Terraform Labs spokesperson declined to comment on the charges that face Kwon, while Kwon himself has not responded to Forkast’s queries via text message.

When custody is nine-tenths of the law

South Korean prosecutors also asked the Ministry of Foreign Affairs to cancel Kwon’s passport though it was not immediately known whether he possessed passports issued by other countries, notably from countries that allow the purchase of a second passport through investments.

This comes as despite efforts to find critical evidence such as a search and seizure of local crypto exchanges, the prosecutors are yet to announce evidence of fraud against Kwon and his associates. 

See related article: Terra CEO Do Kwon faces ‘illegal alien’ status in Singapore as Seoul cancels passport

That may be a tall order as under South Korean law, prosecutors will need to prove intent to commit fraud for charges to be accepted by a court of law, blockchain and crypto law attorney Koo Tae-on of Seoul-based Law Firm LIN told Forkast. In Koo’s opinion, prosecutors may have opted to arrest Kwon based on securities law as it would be relatively easier to prove. 

In doing so, South Korean prosecutors would be adopting the playbook adopted by their counterparts in the U.S. Terraform Labs and Kwon had impeded a U.S. Securities and Exchange investigation for years by challenging an investigative subpoena for documents from the company and testimony from Kwon. 

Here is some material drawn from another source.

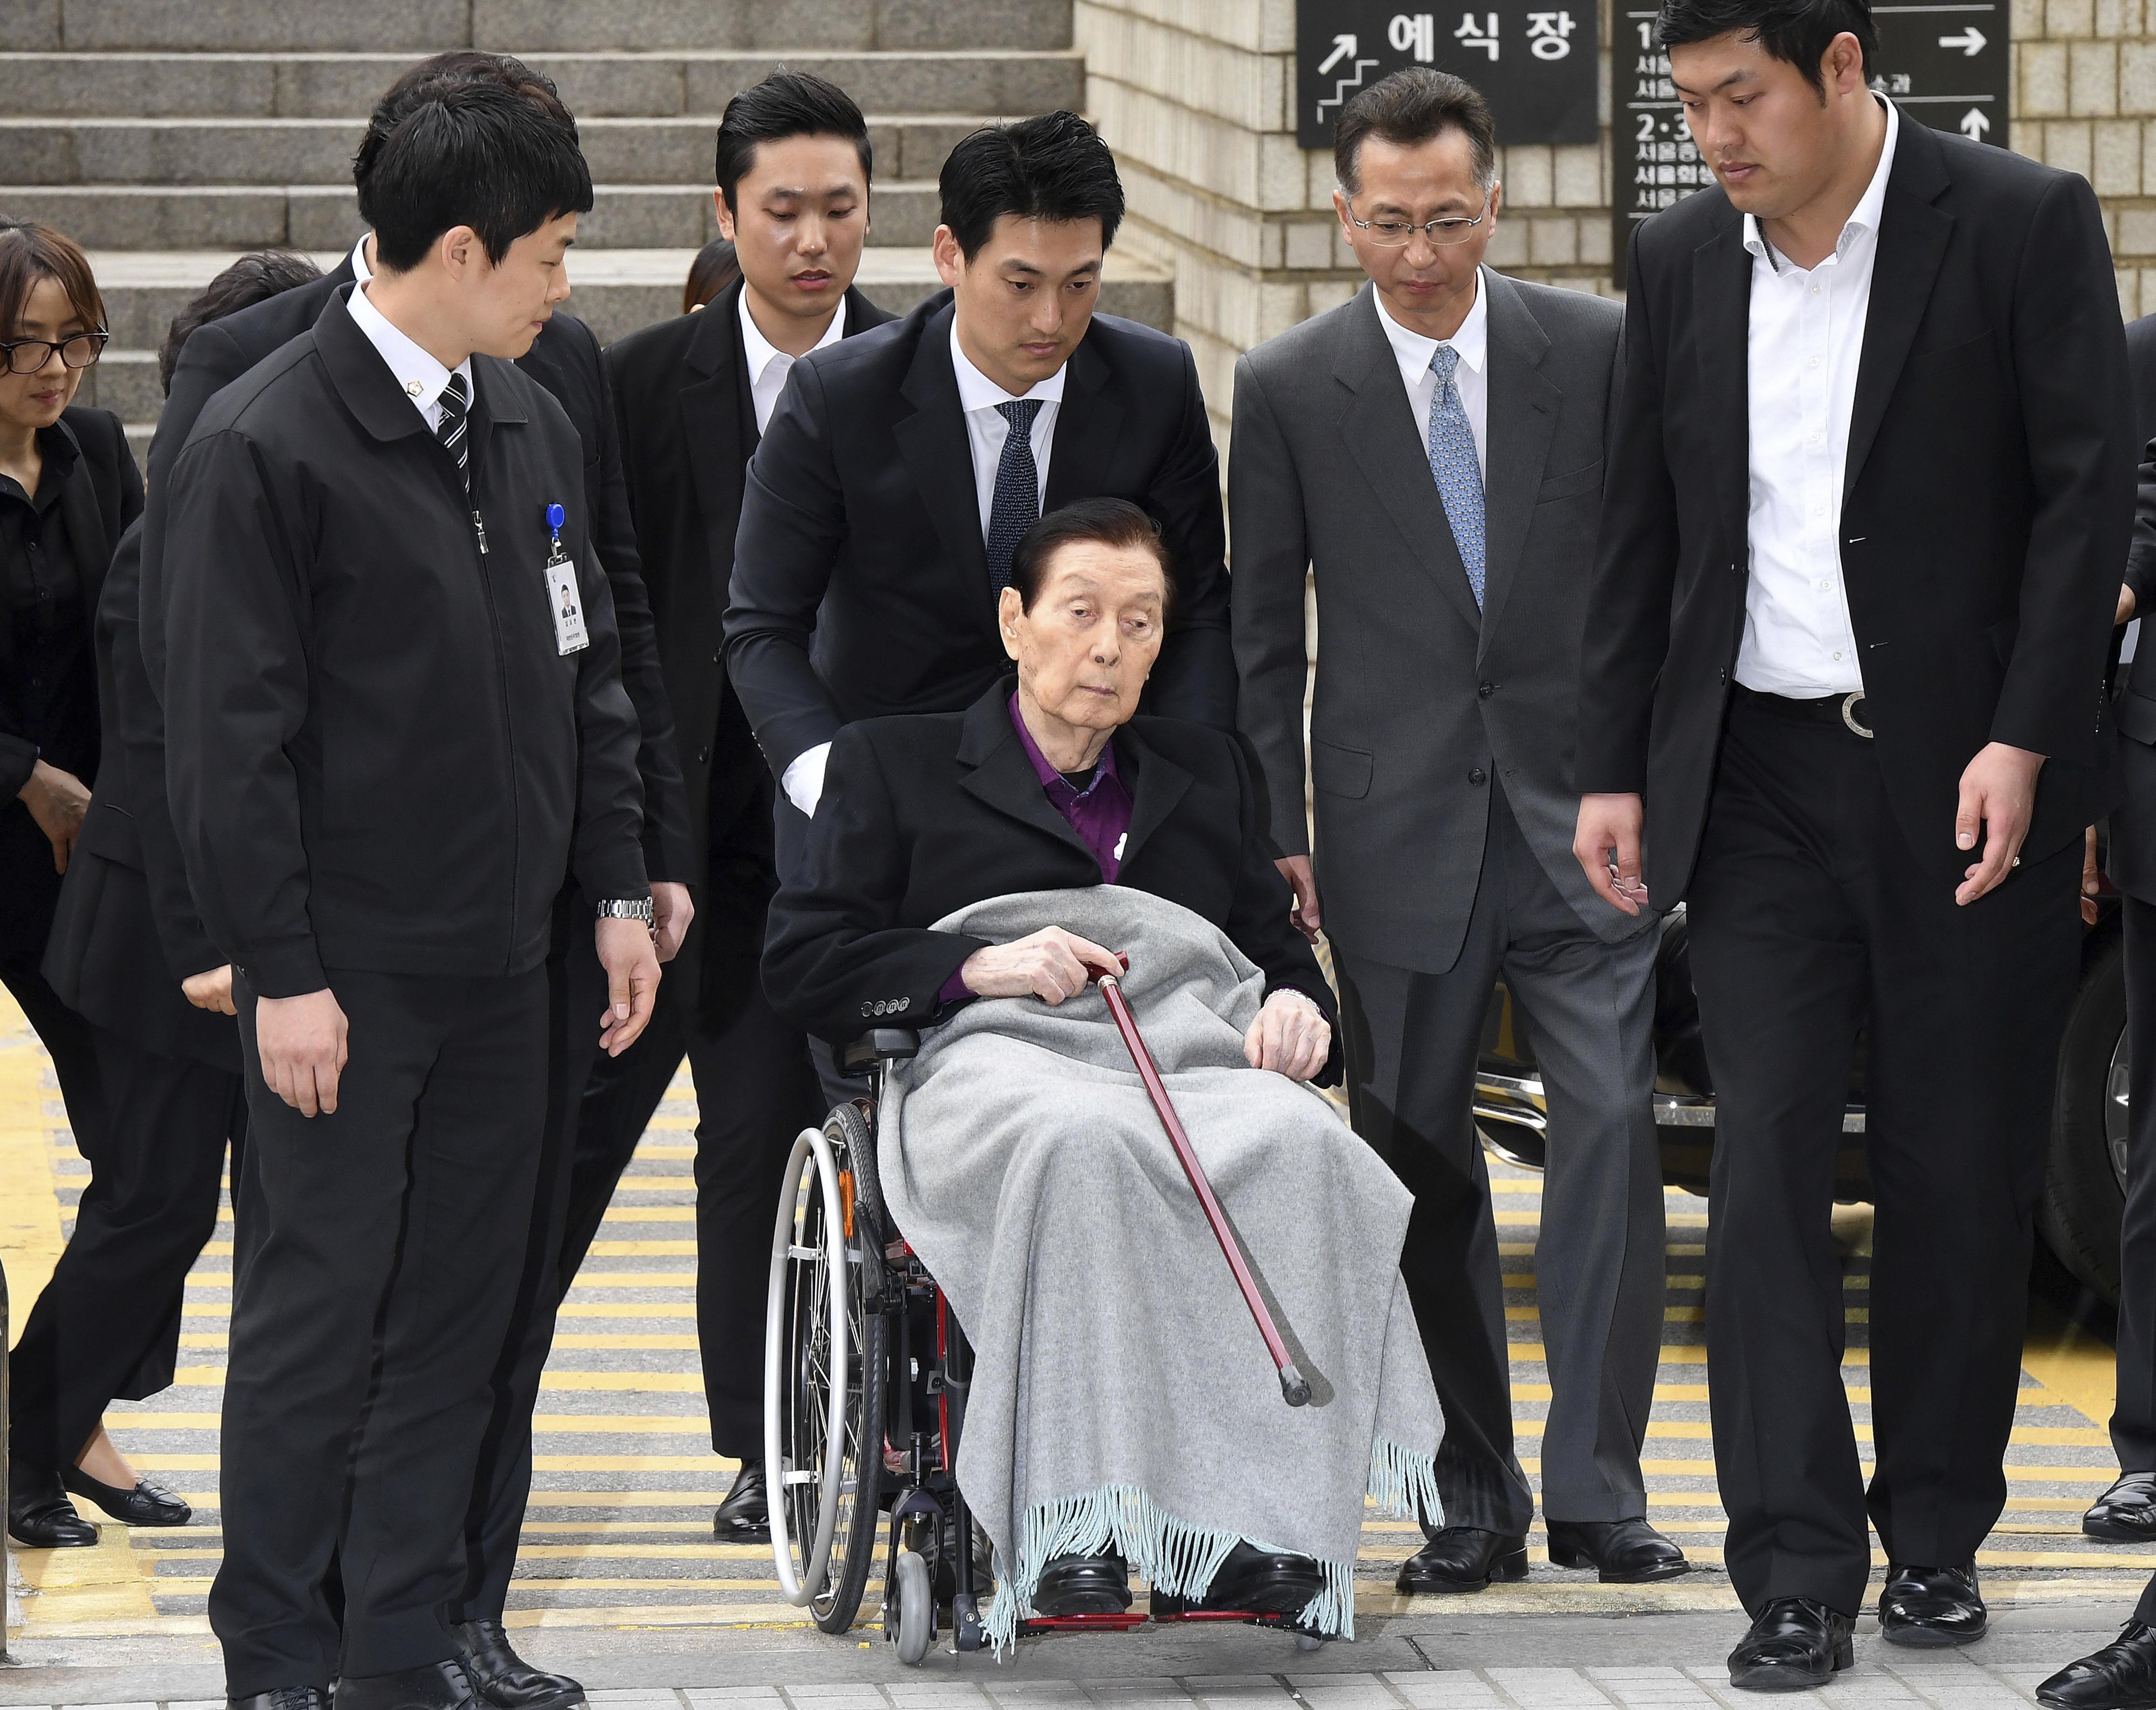 高齡94歲的樂天創辦人辛格浩周一坐著輪椅名出庭受審。(圖/達志影像/美聯社)

In the case of South Korean prosecutors, they would need to cross-examine Kwon, and his associates along with access to internal emails, chats and communications of Terraform employees to prove any intention to commit fraud. The probability of doing that would be higher if the prosecutors can get custody of Kwon through the arrest warrant for securities violations.

The basis of the alleged violation of the Capital Markets Act is that the prosecutors are seeking to classify TerraClassicUSD (USTC) and Luna Classic (LUNC), then called UST and LUNA, as investment contract securities, prosecutor Choi told Forkast

However, local experts think it’s unlikely that prosecutors could get a court to penalize Kwon and Terraform Labs for capital markets violations. “I think it’s a long shot,” Koo told Forkast on the possibility of a South Korean court actually recognizing Terraforma’s cryptocurrencies as securities.

“I think it’s a long shot.”

-Koo Tae-on, Law Firm LIN

See related article: South Korea issues arrest warrant for Terraform Labs CEO Do Kwon

“The so-called investment contract on South Korea’s capital markets act is very different from that of the U.S. Investment contract securities,” Koo said. “It refers to a contractual right in which one investor invests money in a joint project with another individual, where the gains and losses come from the results of a business operated by that other individual,” he explained.

Prosecutors are seeking to classify the LUNC as a “joint project” or an investment partnership as price fluctuations of the token were not decentralized as claimed by Terraform as the firm manipulated supply, Koo told Forkast. “[Hence], I believe they saw Do Kwon, the decision maker, as the issuer of that investment contract security.”

Spanner in the works 

The problem with the South Korean prosecutors’ logic is that a “joint project” classification would apply to every other cryptocurrency that is not decentralized, Koo told Forkast.

“The impact will not stop at Terra-LUNA and [such a view] will affect other cryptocurrencies,” Lee Jang-woo, blockchain business expert and adjunct professor at Seoul-based Hanyang University told Forkast. “So I think it’s difficult for the court to actually make that judgment.” 

“If they designate LUNC an investment contract security, the exchanges that listed LUNC would be in trouble too,” Lee said. That list would also theoretically extend to crypto services firms that made use of LUNC as they would now be considered as businesses that dealt with securities without a license, Lee added.

Some 280,000 South Koreans were affected by the collapse of the Terra-LUNA project, with several publicly known cases of people taking their own lives after losing their life savings.

“It’s a whole nother story if there weren’t any victims involved,” Lee said. “Fundamentally there were victims, and someone has to be held responsible and punished.”